WHAT YOU WILL DO
With the pictures excluded, reproduce all of the data exactly.

DATA
######
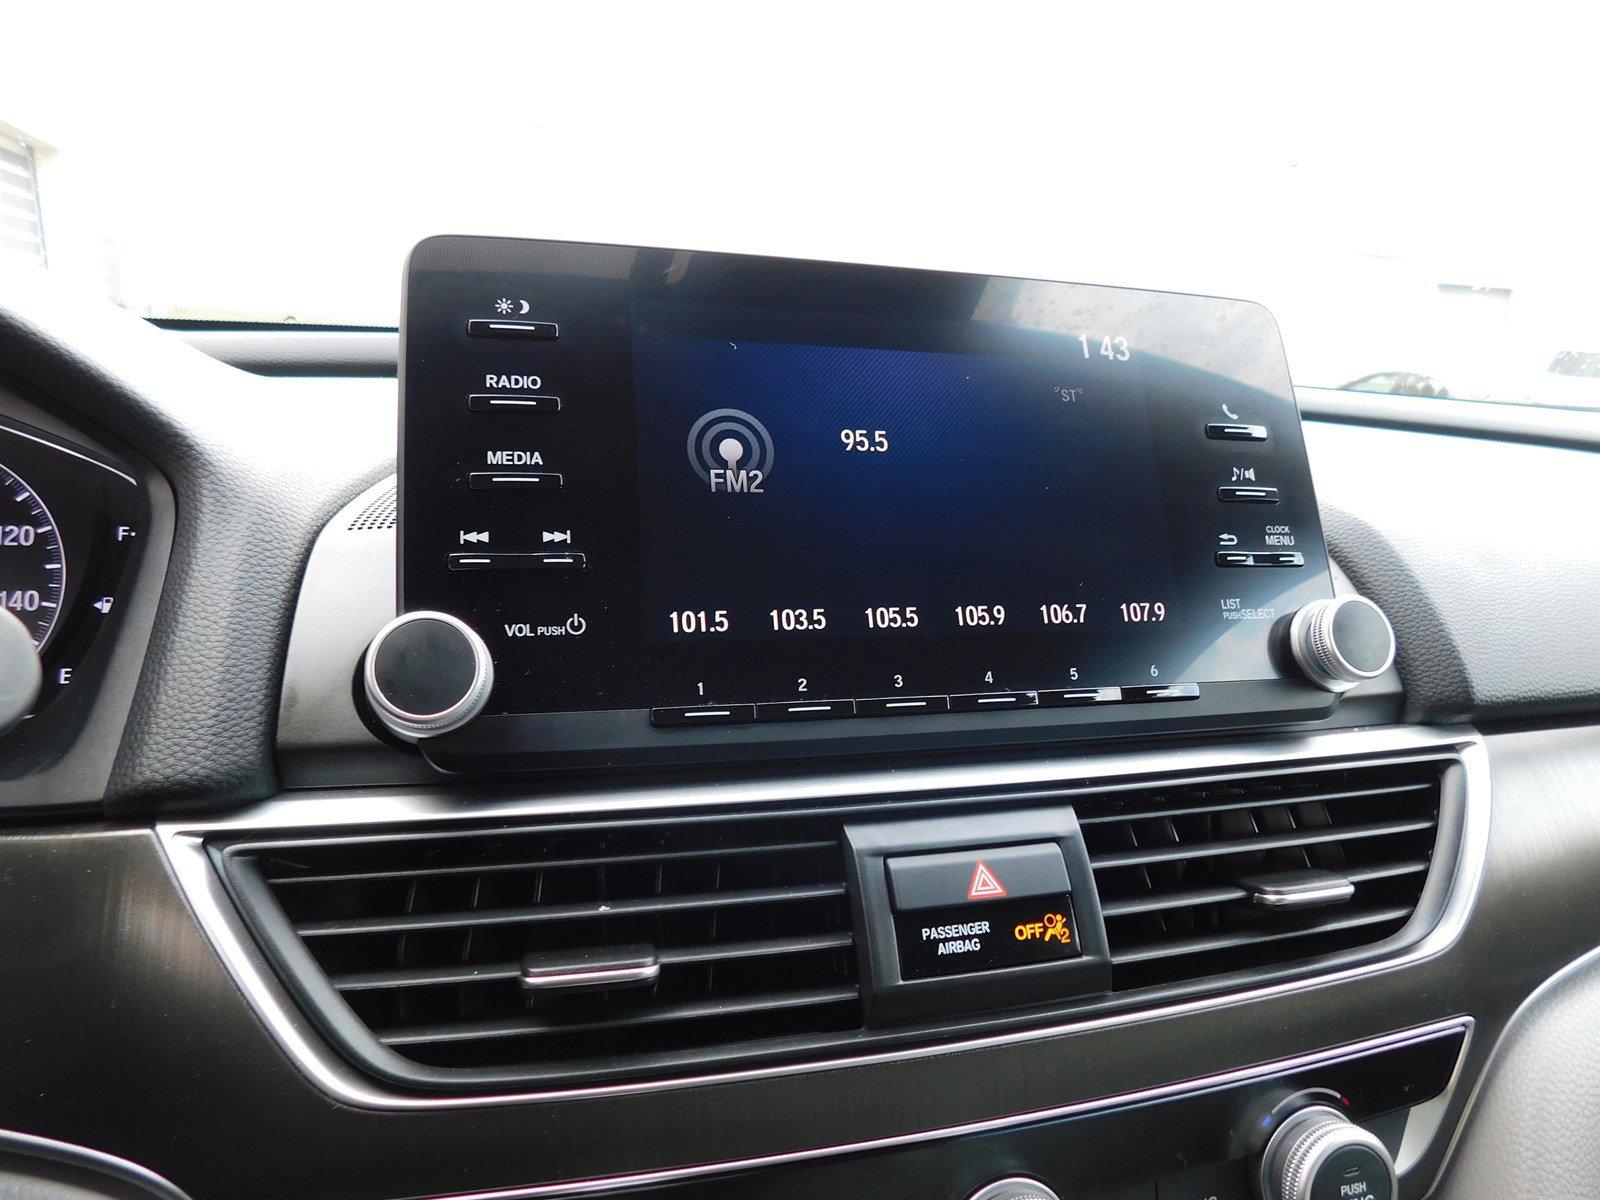 Pre-Owned 2019 Honda Accord LX 1.5T
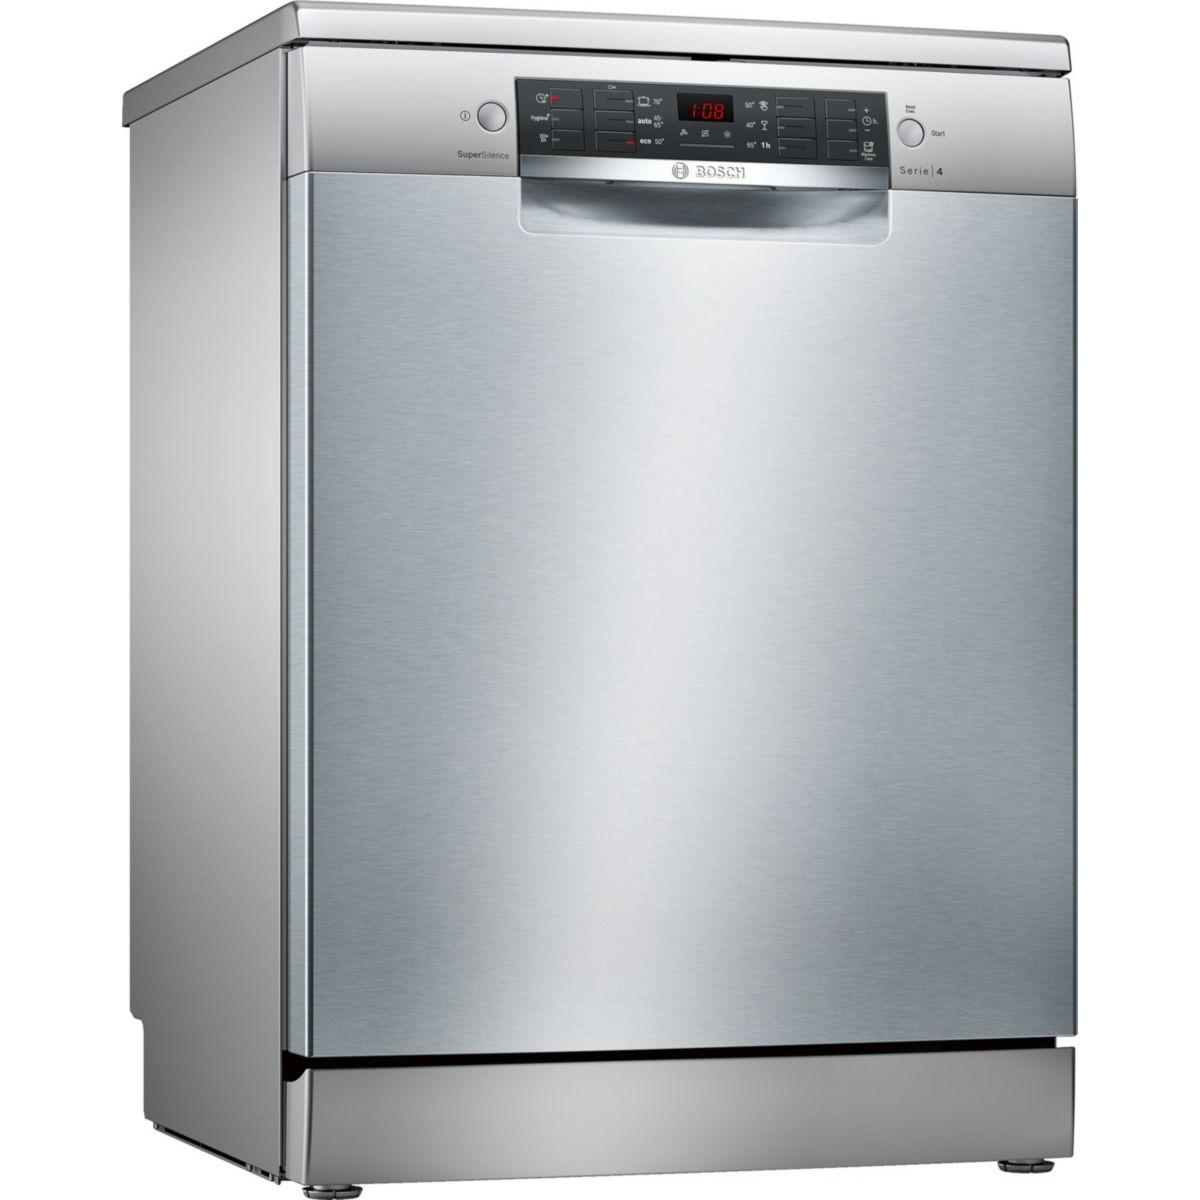 Lave vaisselle 60 cm BOSCH SMS46II03E
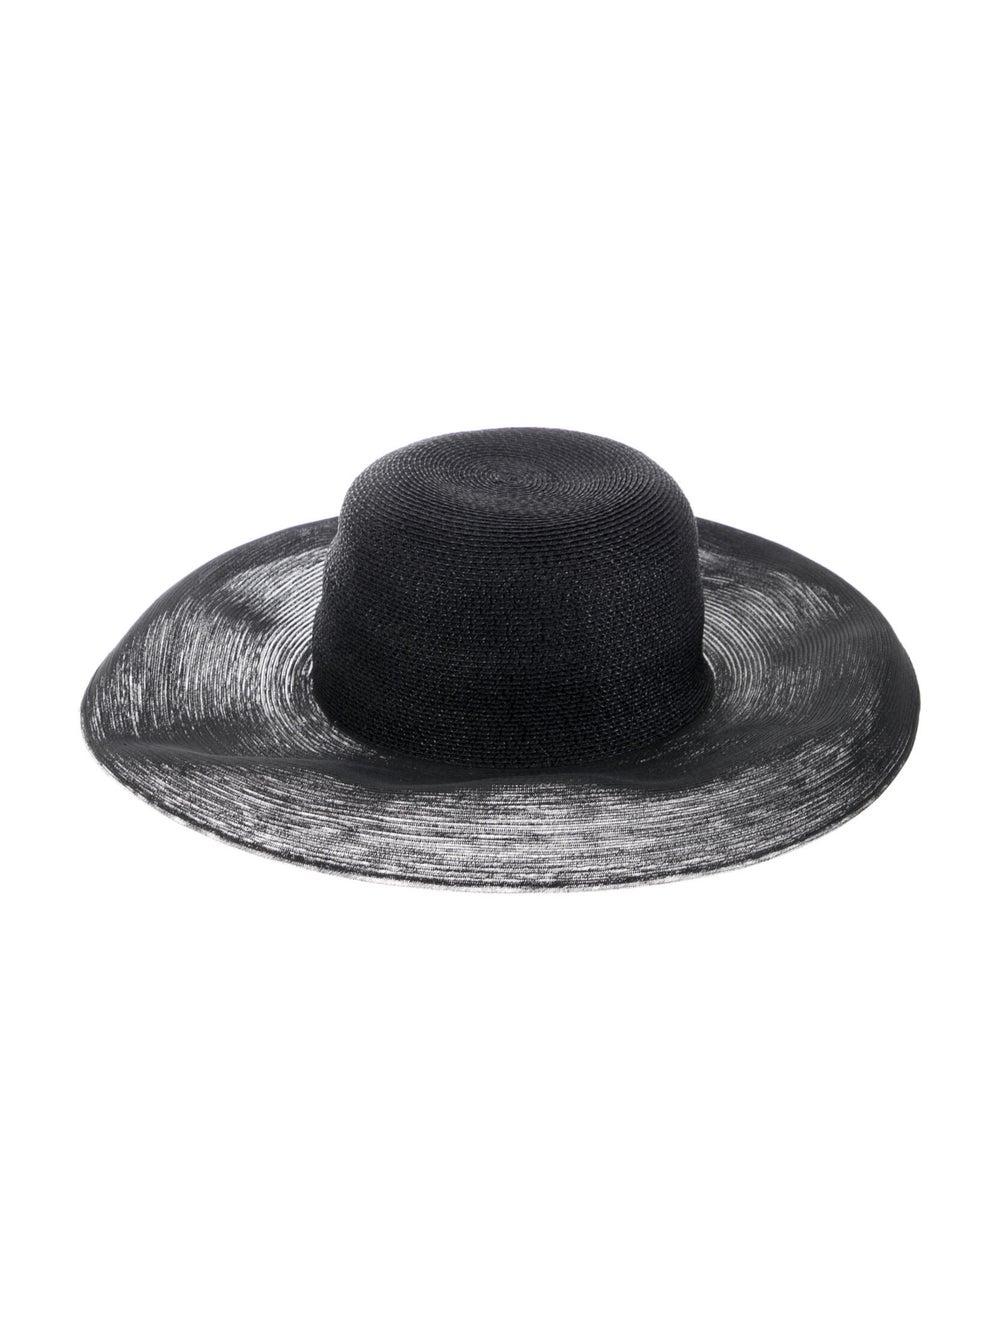 Patricia Underwood Wide Brim Hat Black - image 2
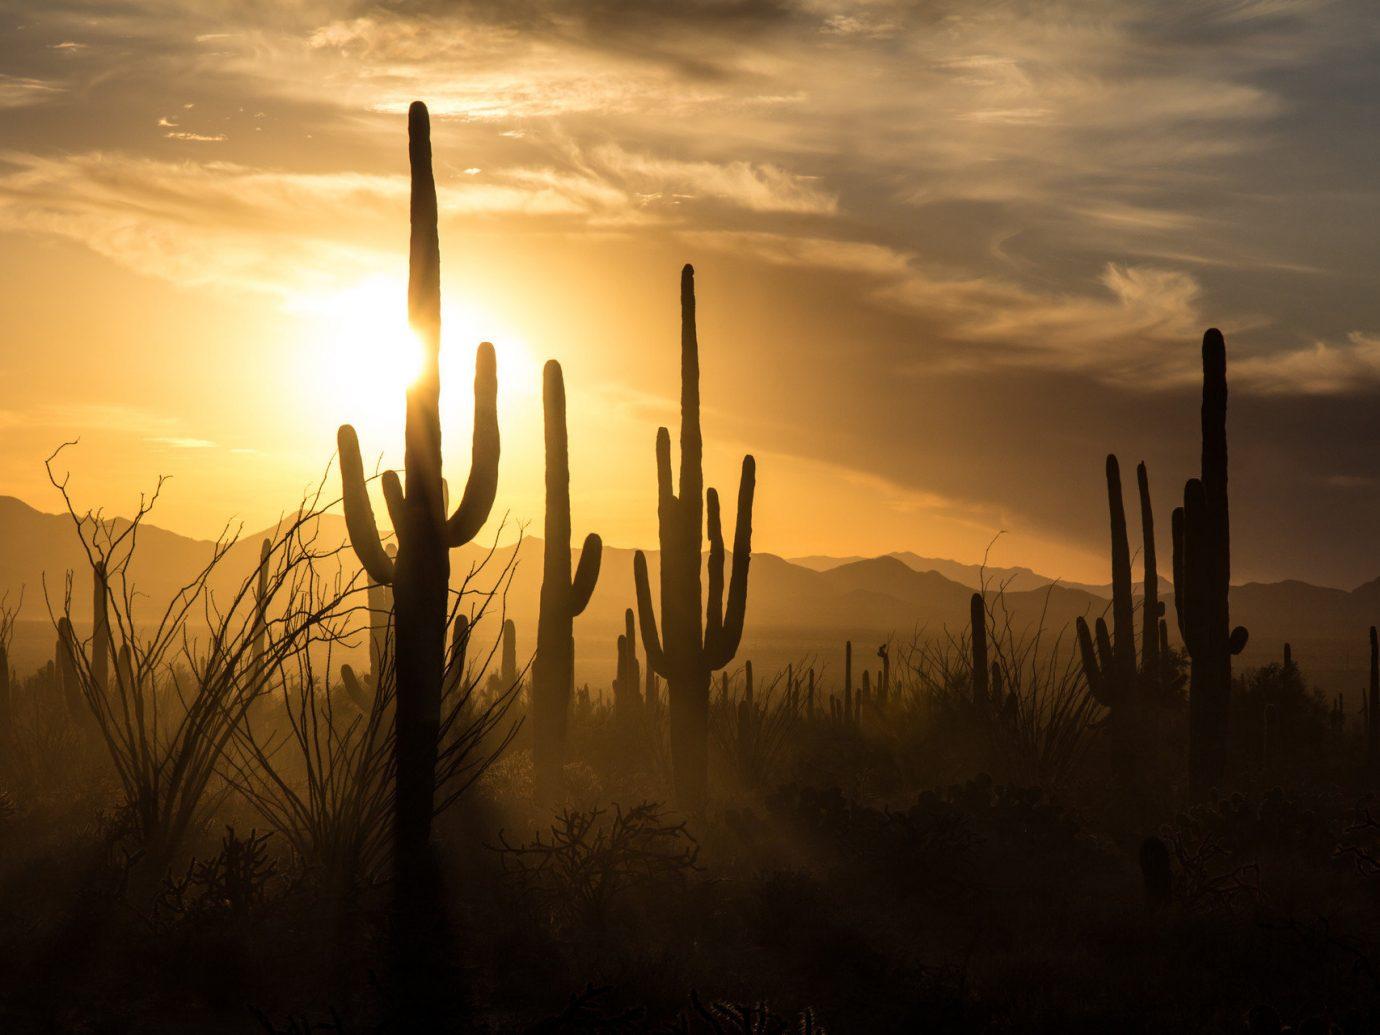 Trip Ideas sky outdoor Sunset plant Sun traffic cactus light Nature sunrise atmospheric phenomenon clouds cloud dawn horizon morning atmosphere setting evening sunlight dusk reflection cloudy mist day
######
EXERCISE OUTPUT
 Pre-Owned 2019 Honda Accord LX 1.5T
 Lave vaisselle 60 cm BOSCH SMS46II03E
 Patricia Underwood Wide Brim Hat Black - image 2
 Trip Ideas sky outdoor Sunset plant Sun traffic cactus light Nature sunrise atmospheric phenomenon clouds cloud dawn horizon morning atmosphere setting evening sunlight dusk reflection cloudy mist day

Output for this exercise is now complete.